> **To do**:
Copy out precisely the lines of the material that follows, beginning with the line containing "شقة للـ Sale" and ending with its last line; exclude pictures.

> **Recorded information**:
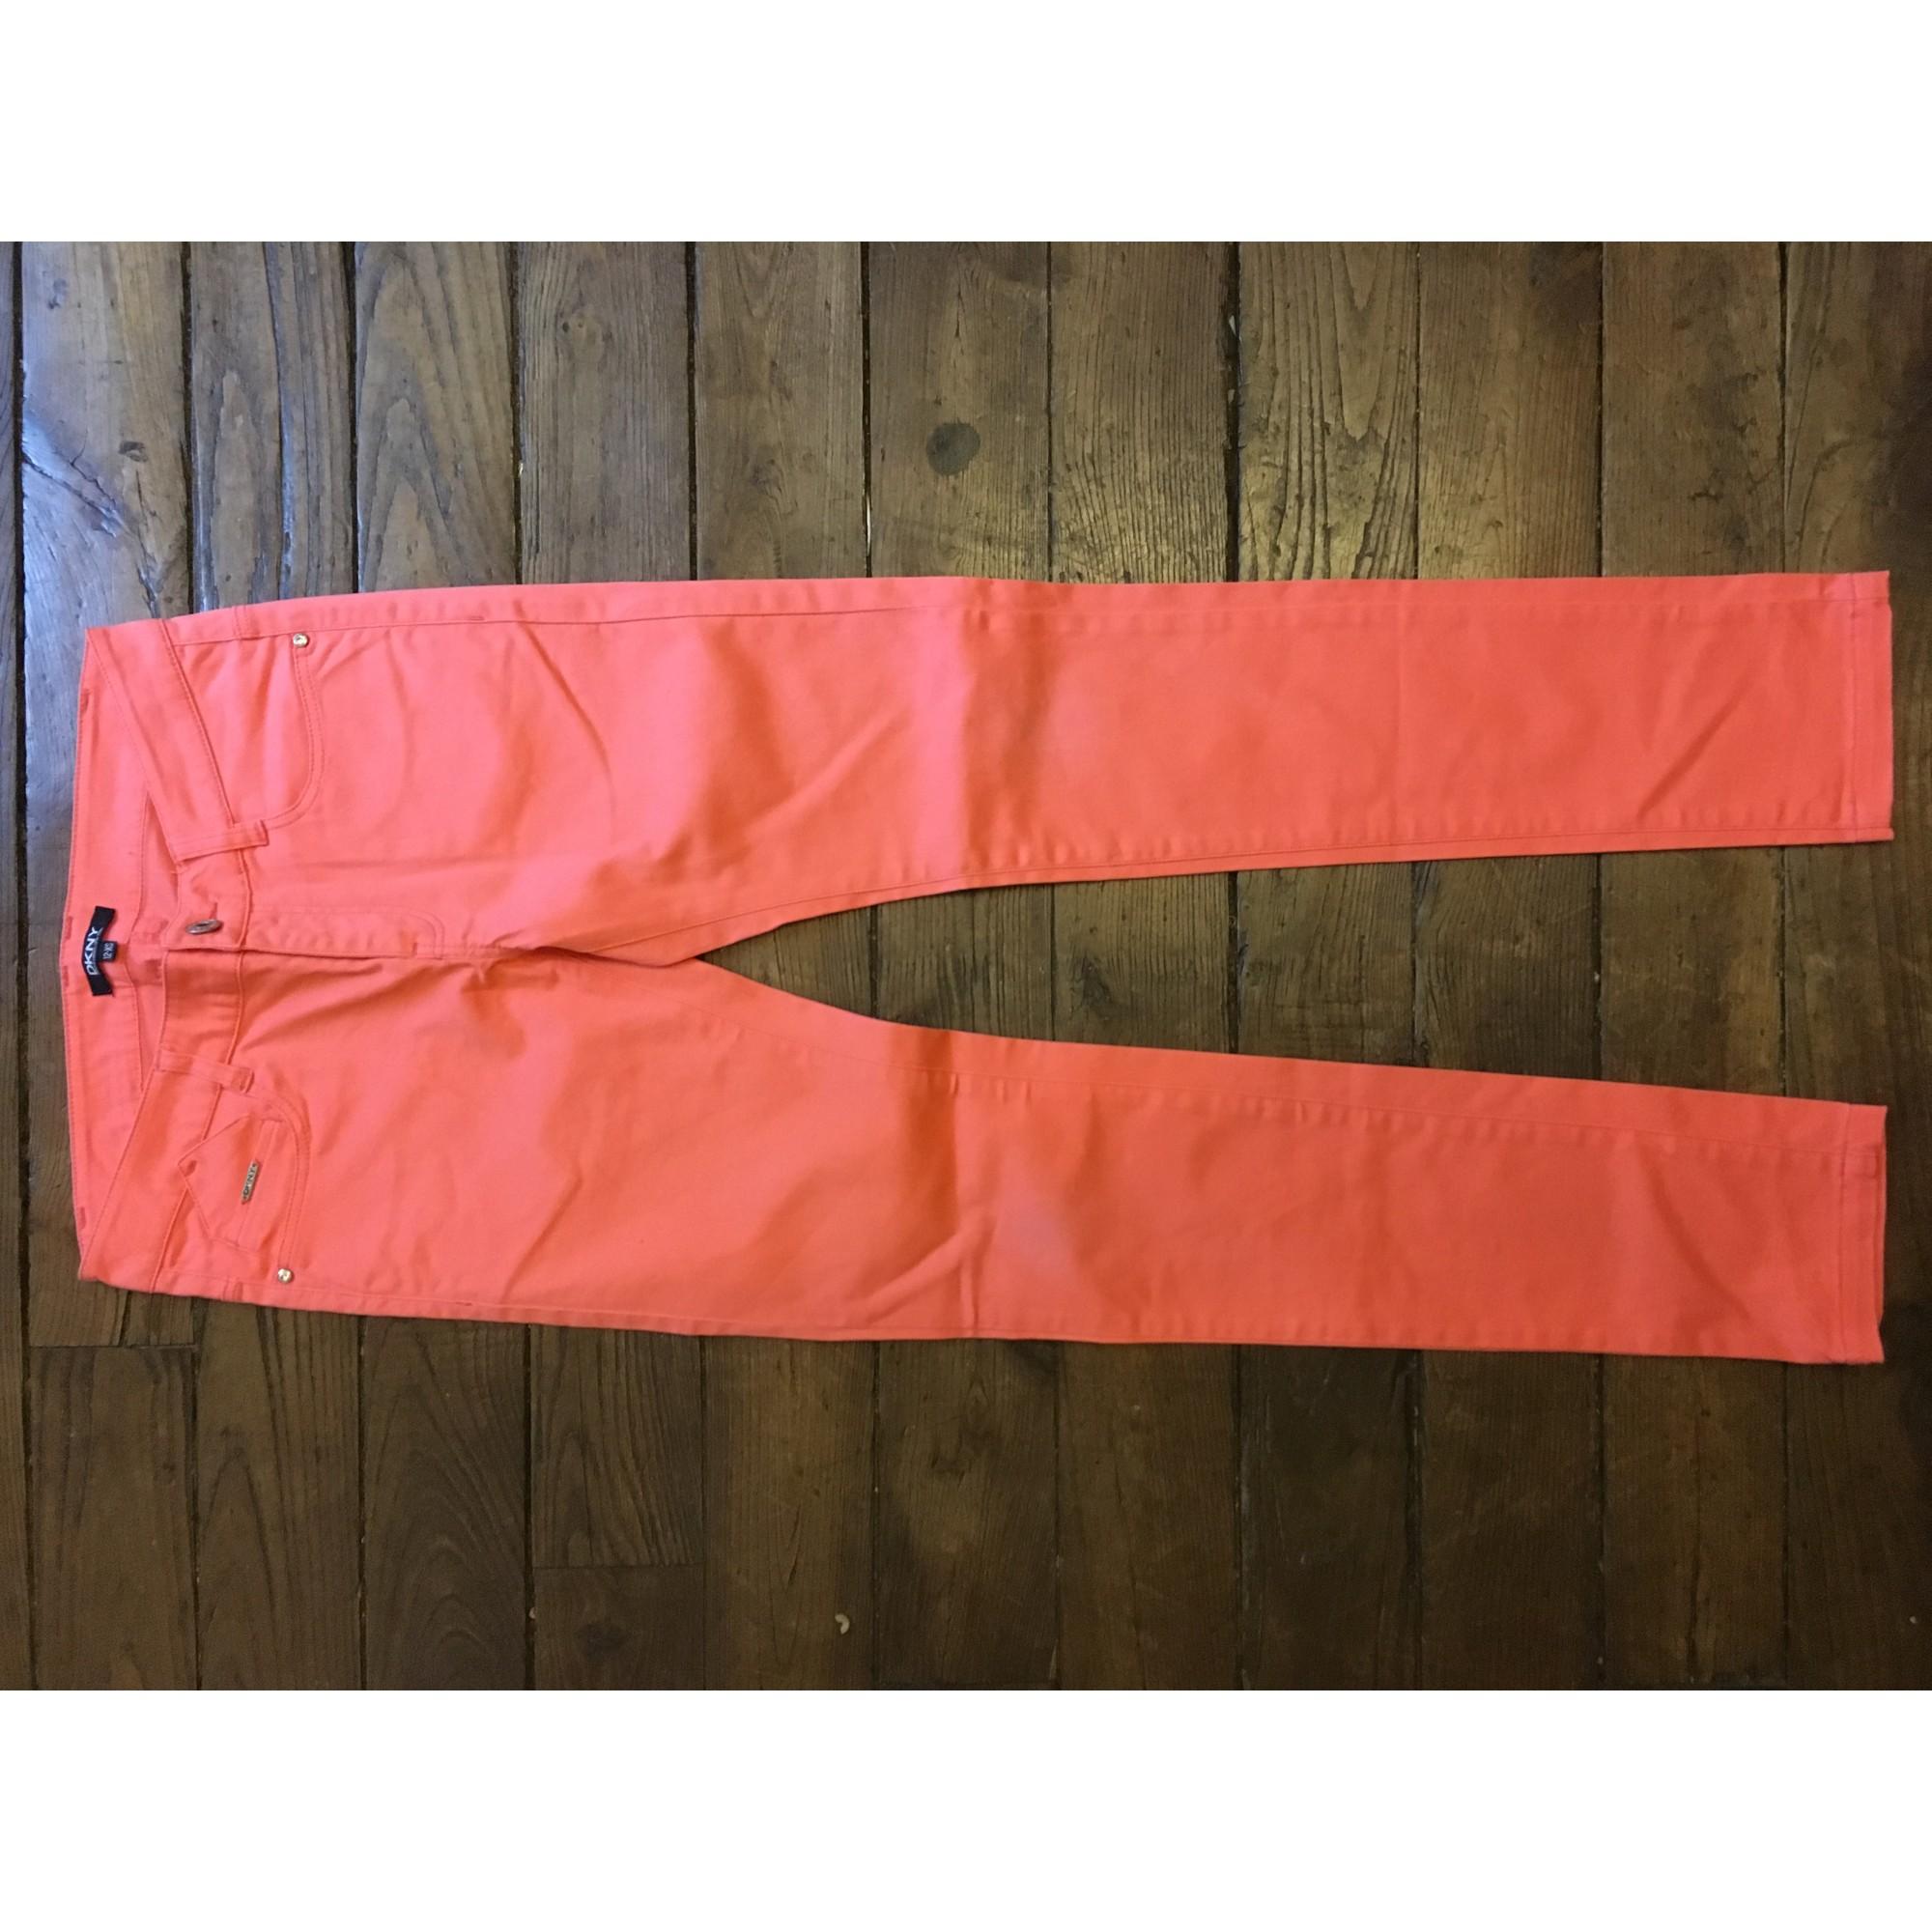 Pantalon DKNY Rose, fuschia, vieux rose
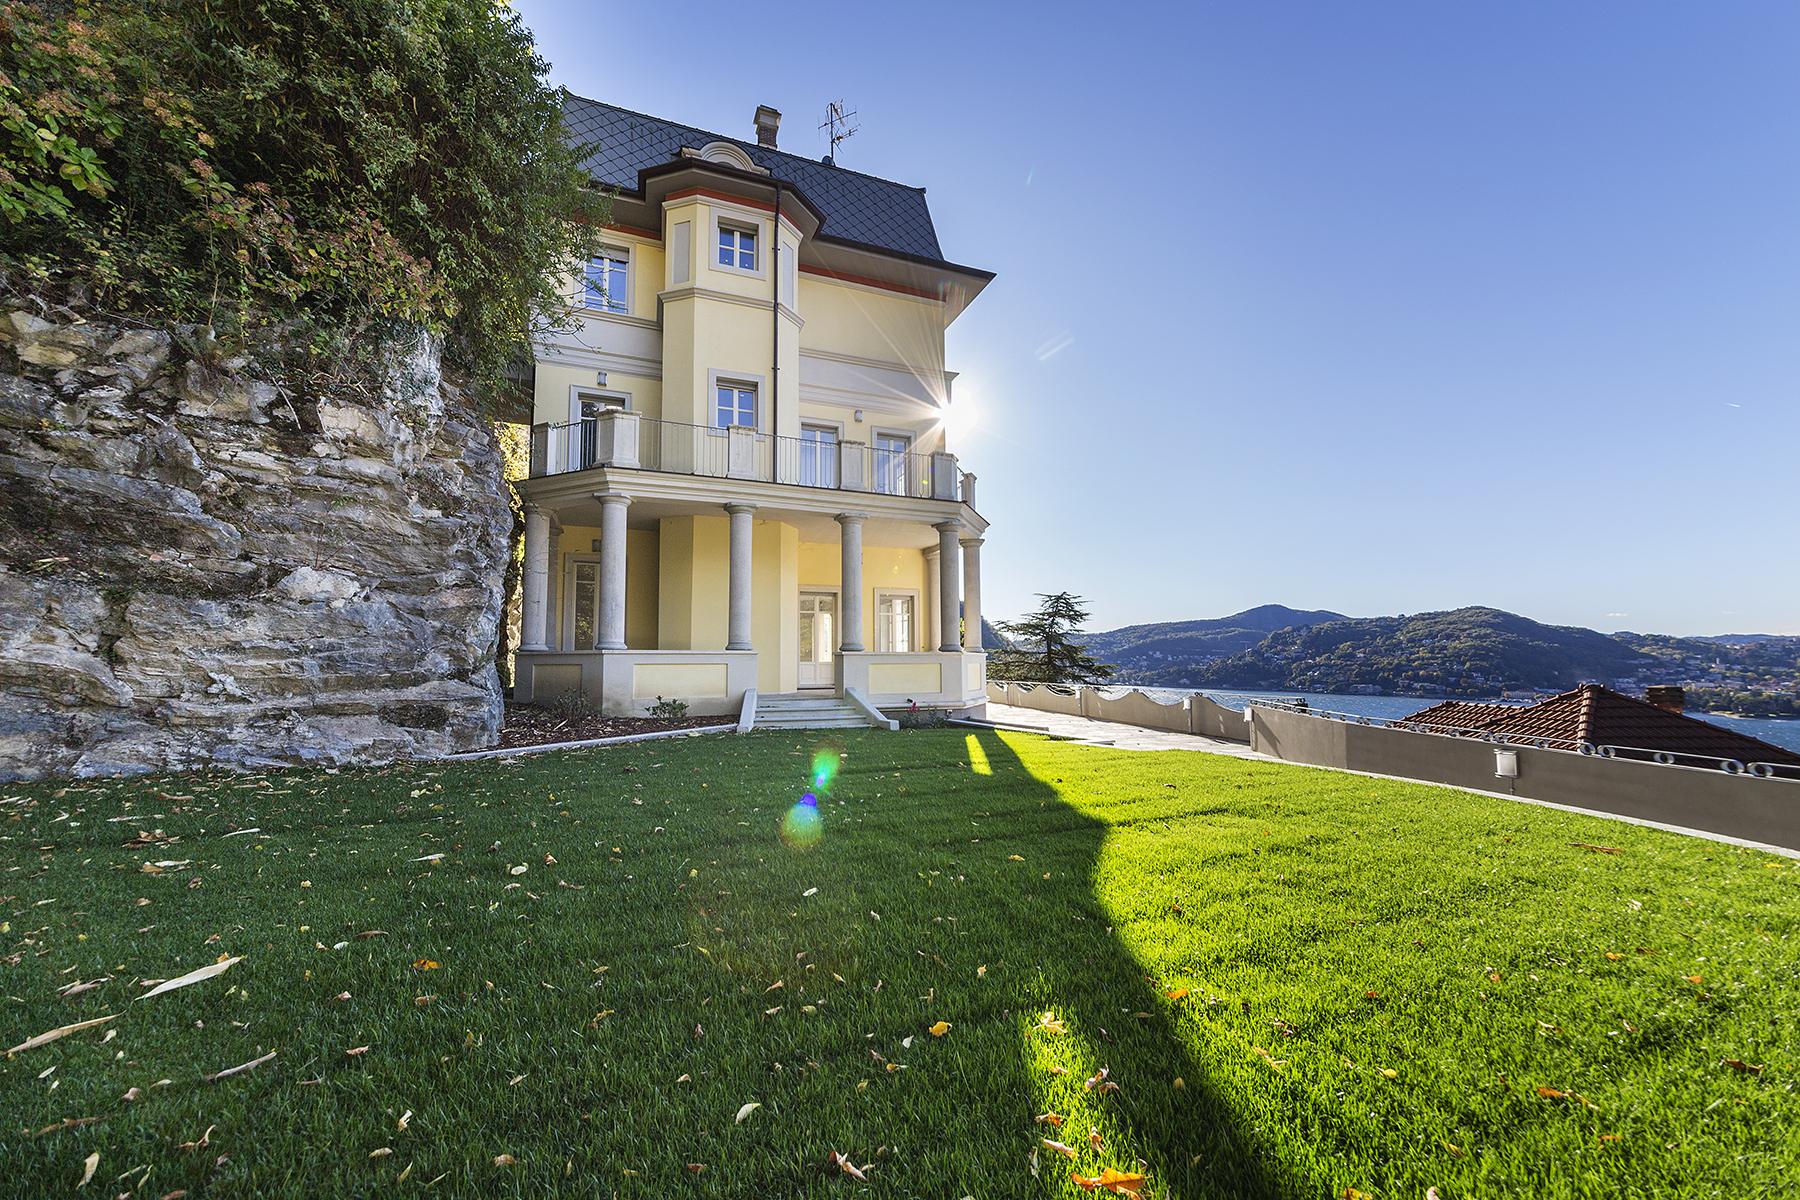 شقة للـ Sale في Apartment with private garden in historical villa Blevio, Como, Italy
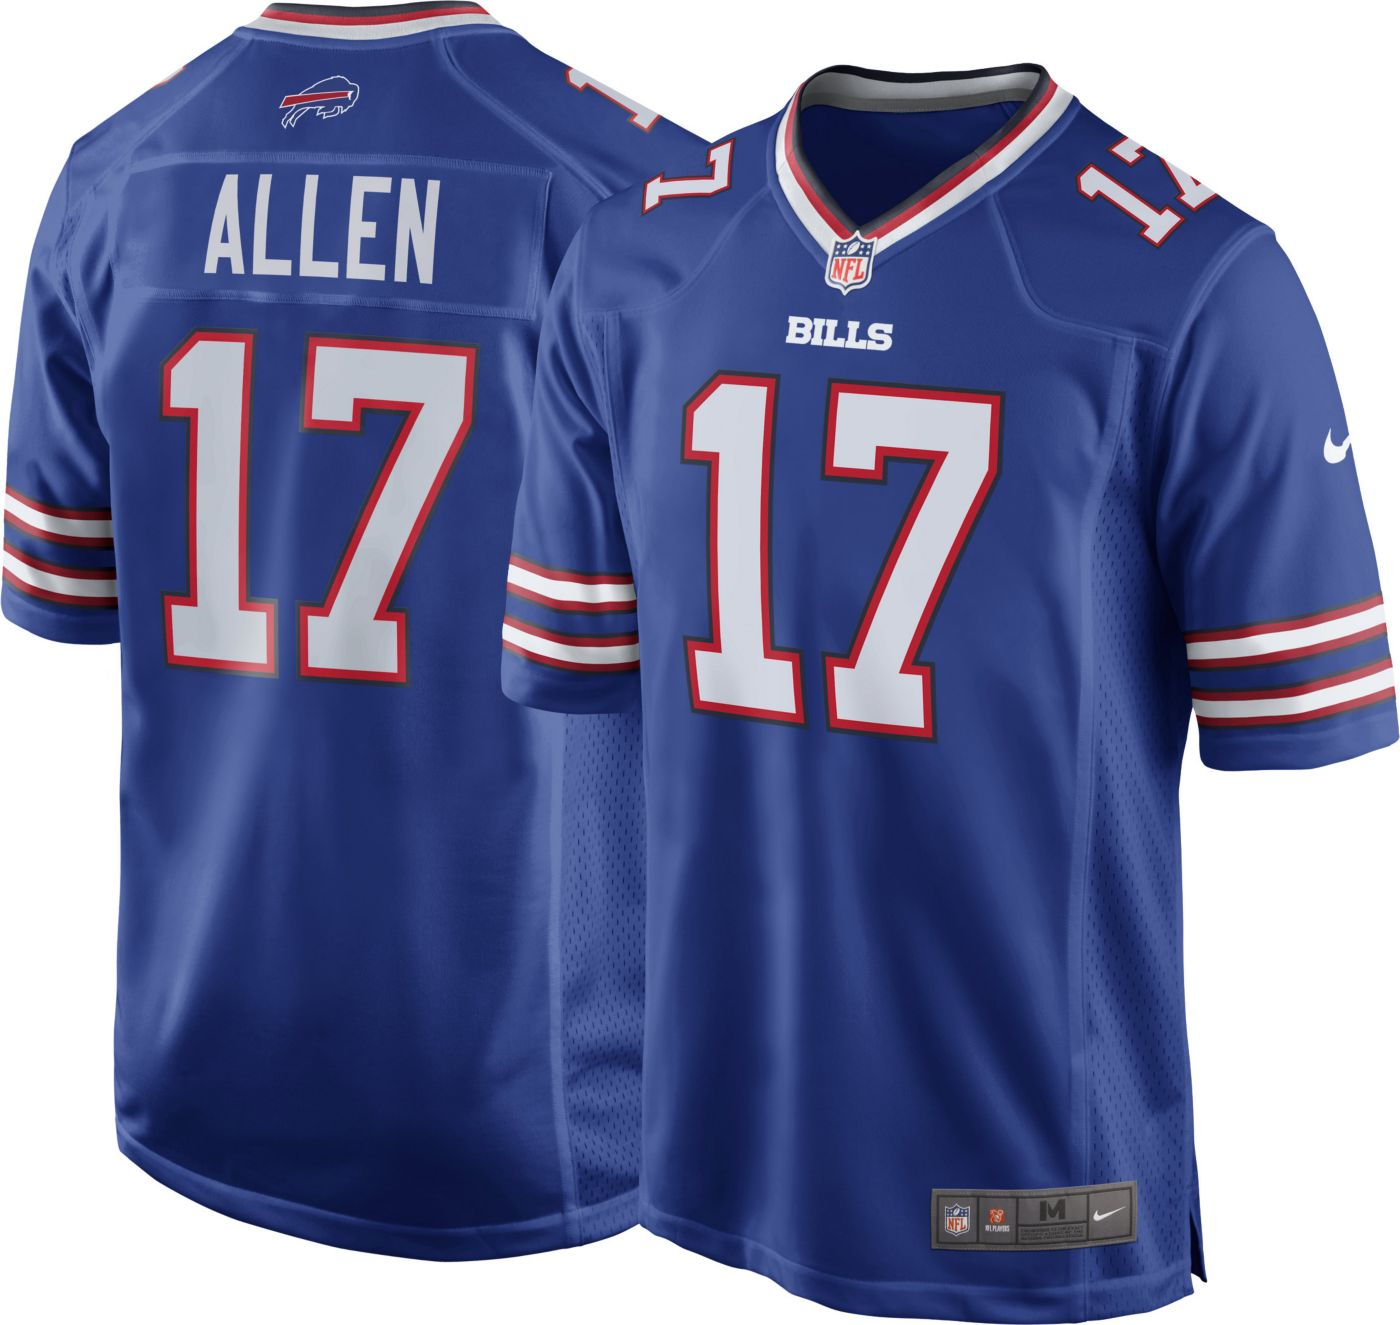 Josh Allen #17 Nike Men's Buffalo Bills Home Game Jersey

> **Exercise output**:
 شقة للـ Sale في Apartment with private garden in historical villa Blevio, Como, Italy
 Josh Allen #17 Nike Men's Buffalo Bills Home Game Jersey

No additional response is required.